May 2026 — Updated with verified fund data from kernelwealth.co.nz

Context & Corrections

My initial analysis underestimated the performance of your defensive funds and overstated the gap. After researching Kernel's actual fund pages and current market conditions, here's the corrected picture.


Verified Fund Performance (as at 30 April 2026, from Kernel)

Fund 1 Year 3 Year p.a. 5 Year p.a. $10K → (5yr) Fee
Global 100 43.2% 26.7% 20.8% $26,251 0.25%
S&P 500 (Unhedged) 31.9% $22,593* 0.25%
Emerging Markets 34.4% $15,902* 0.45%
Global Infrastructure 19.1% 15.1% 13.8% $19,371 0.25%
Dividend Aristocrats 23.3% 15.8% 11.2% $17,518 0.25%
World ex-US $19,102* 0.25%

*Benchmark (gross) returns where fund-level not yet available.

Key finding: Infrastructure (13.8% pa) and Dividend Aristocrats (11.2% pa) have performed respectably over 5 years — not the 6-8% I initially estimated.

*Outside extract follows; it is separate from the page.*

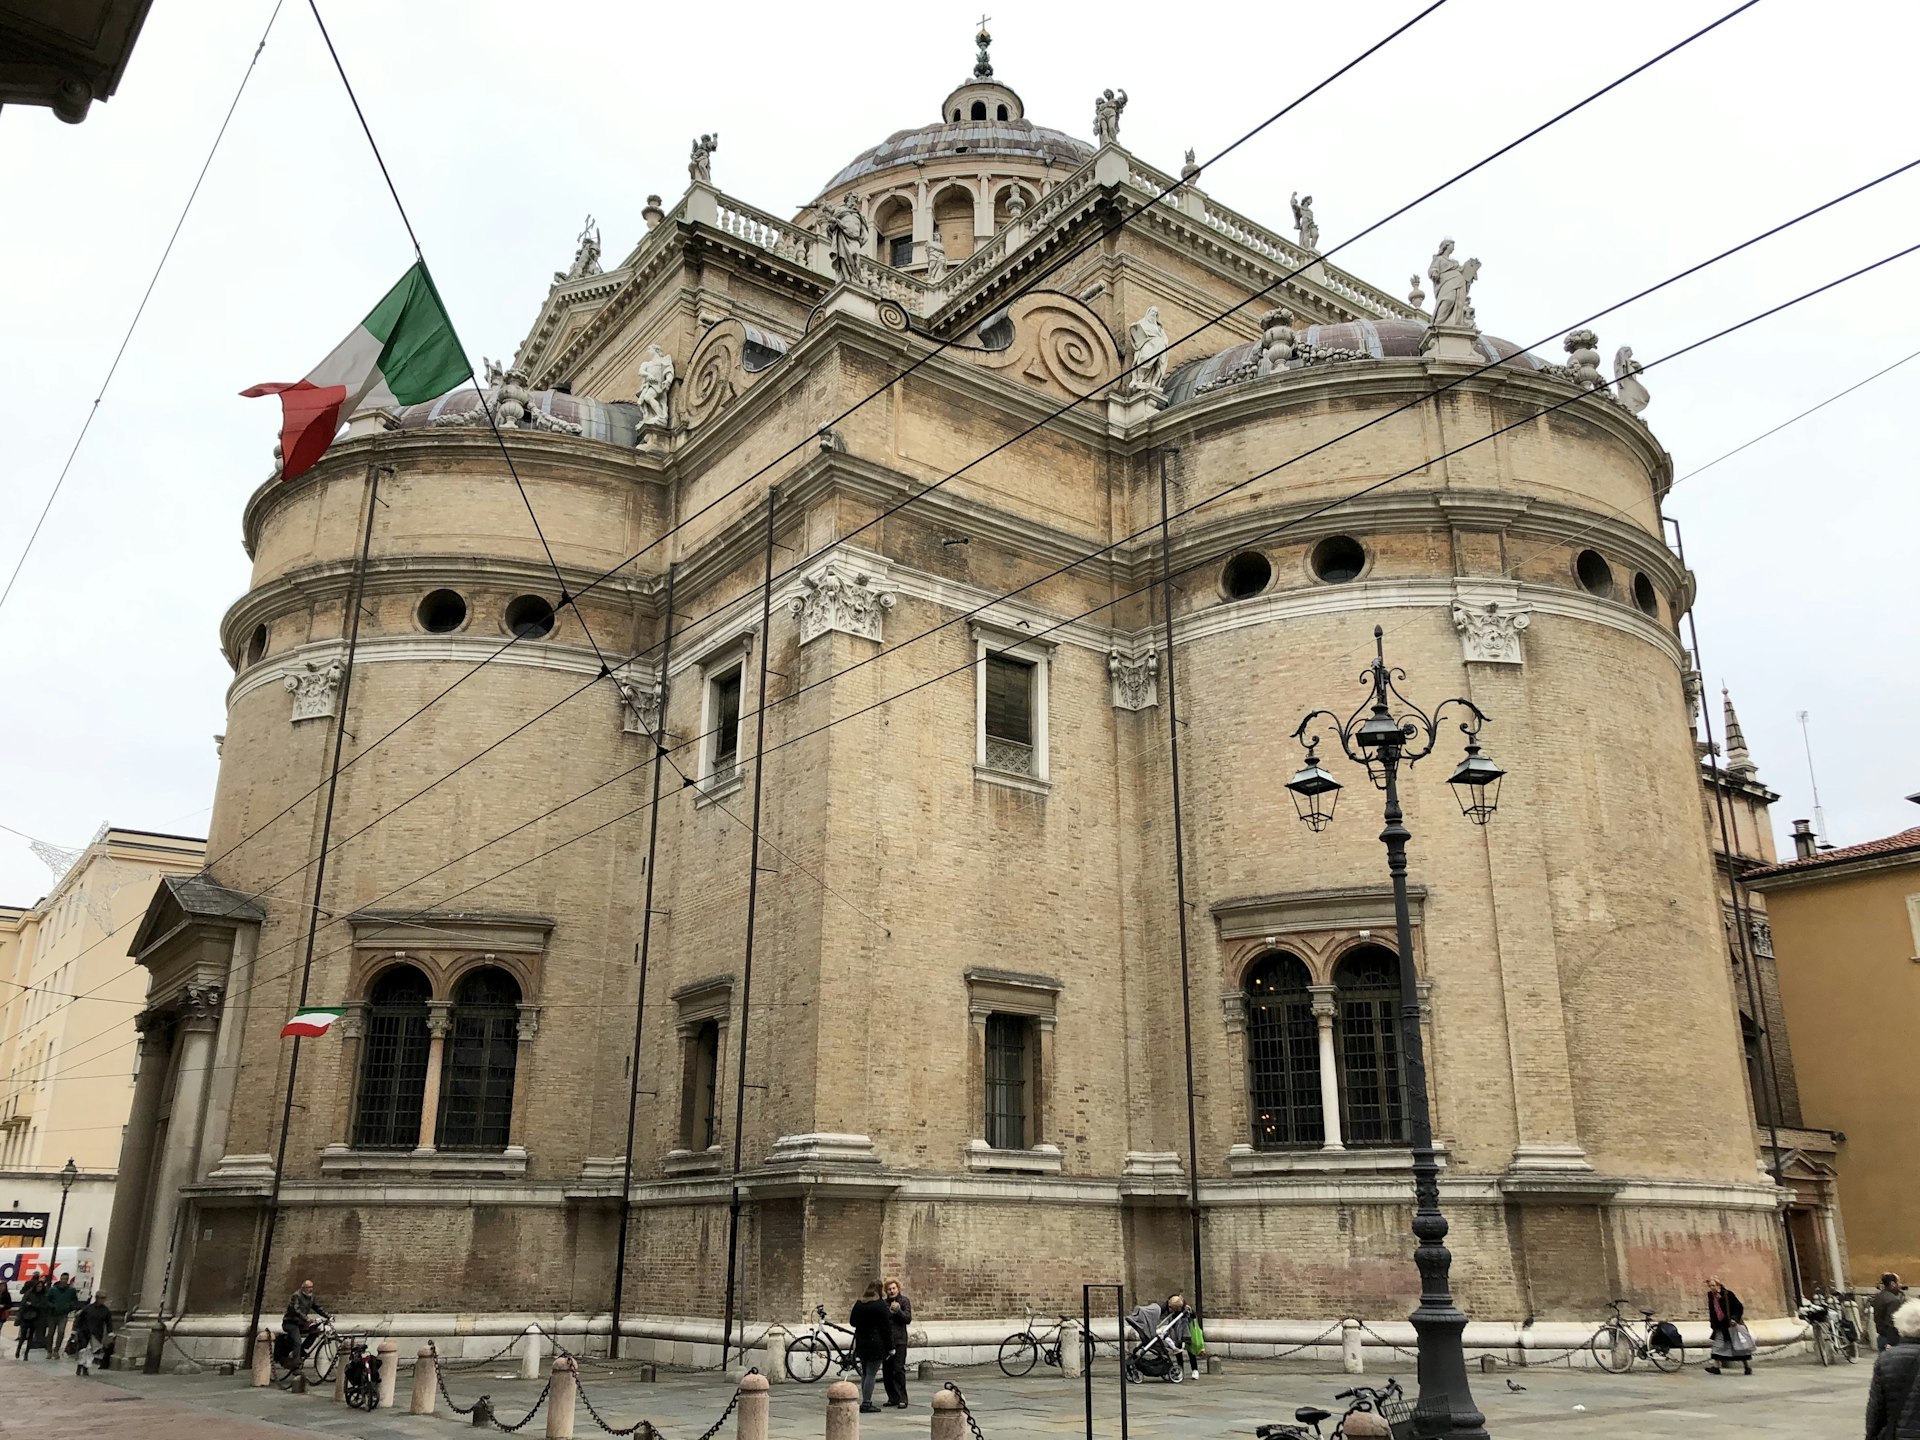 A historic Italian church on a sunny day. 
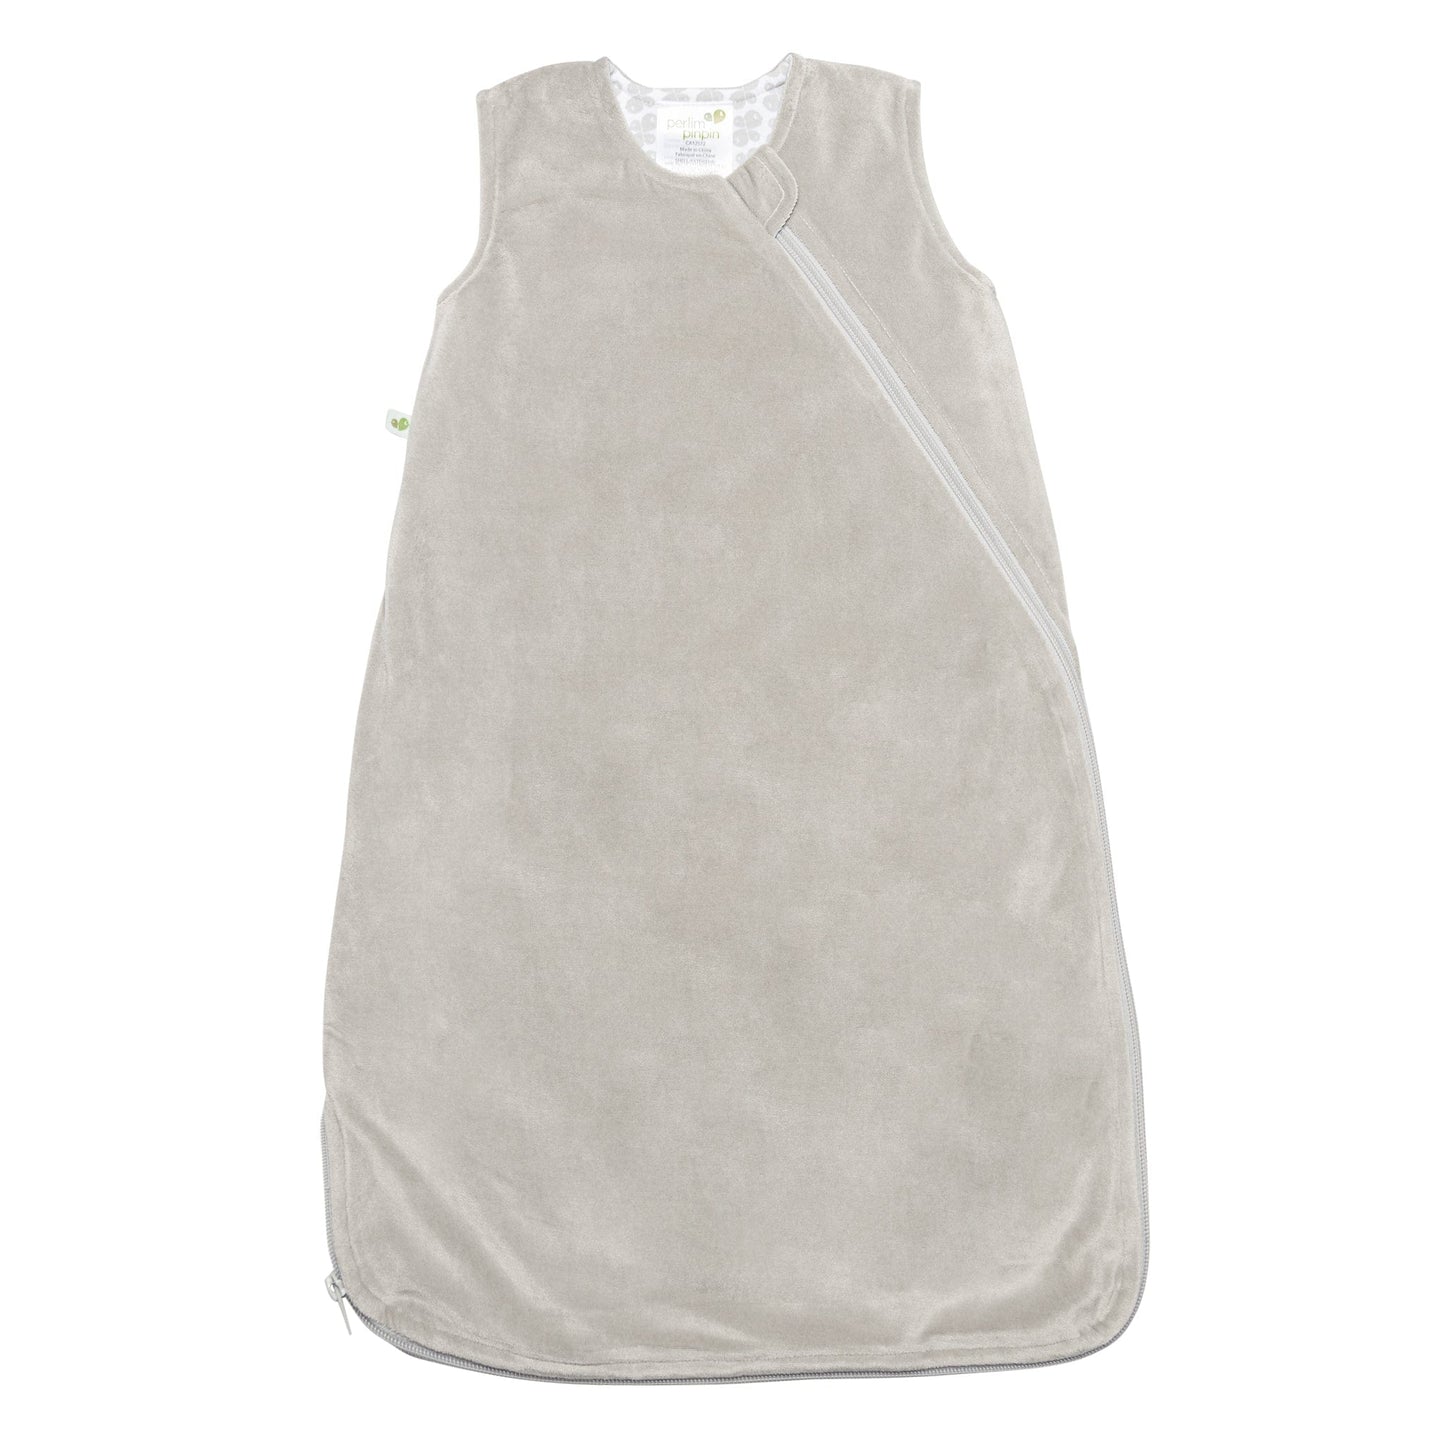 Velour sleep bag - Taupe (2.5 Togs)

The gap to growth funds is real but narrower than I first suggested.


Fund Composition Deep Dive

Global 100 — Your Highest-Return Fund (20.8% pa)

  • Top 6 holdings = 48.5%: Nvidia (12.6%), Apple (10.4%), Microsoft (7.9%), Amazon (6.7%), Alphabet (5.8%), Broadcom (5.1%)
  • Geographic: 80% US, 4% UK, 3% Switzerland, 3% Germany
  • Sector: 44% Information Technology, 12% Communications
  • Reality: This is essentially a concentrated Magnificent 7 bet with some international mega-caps. Almost HALF the fund is in 6 stocks.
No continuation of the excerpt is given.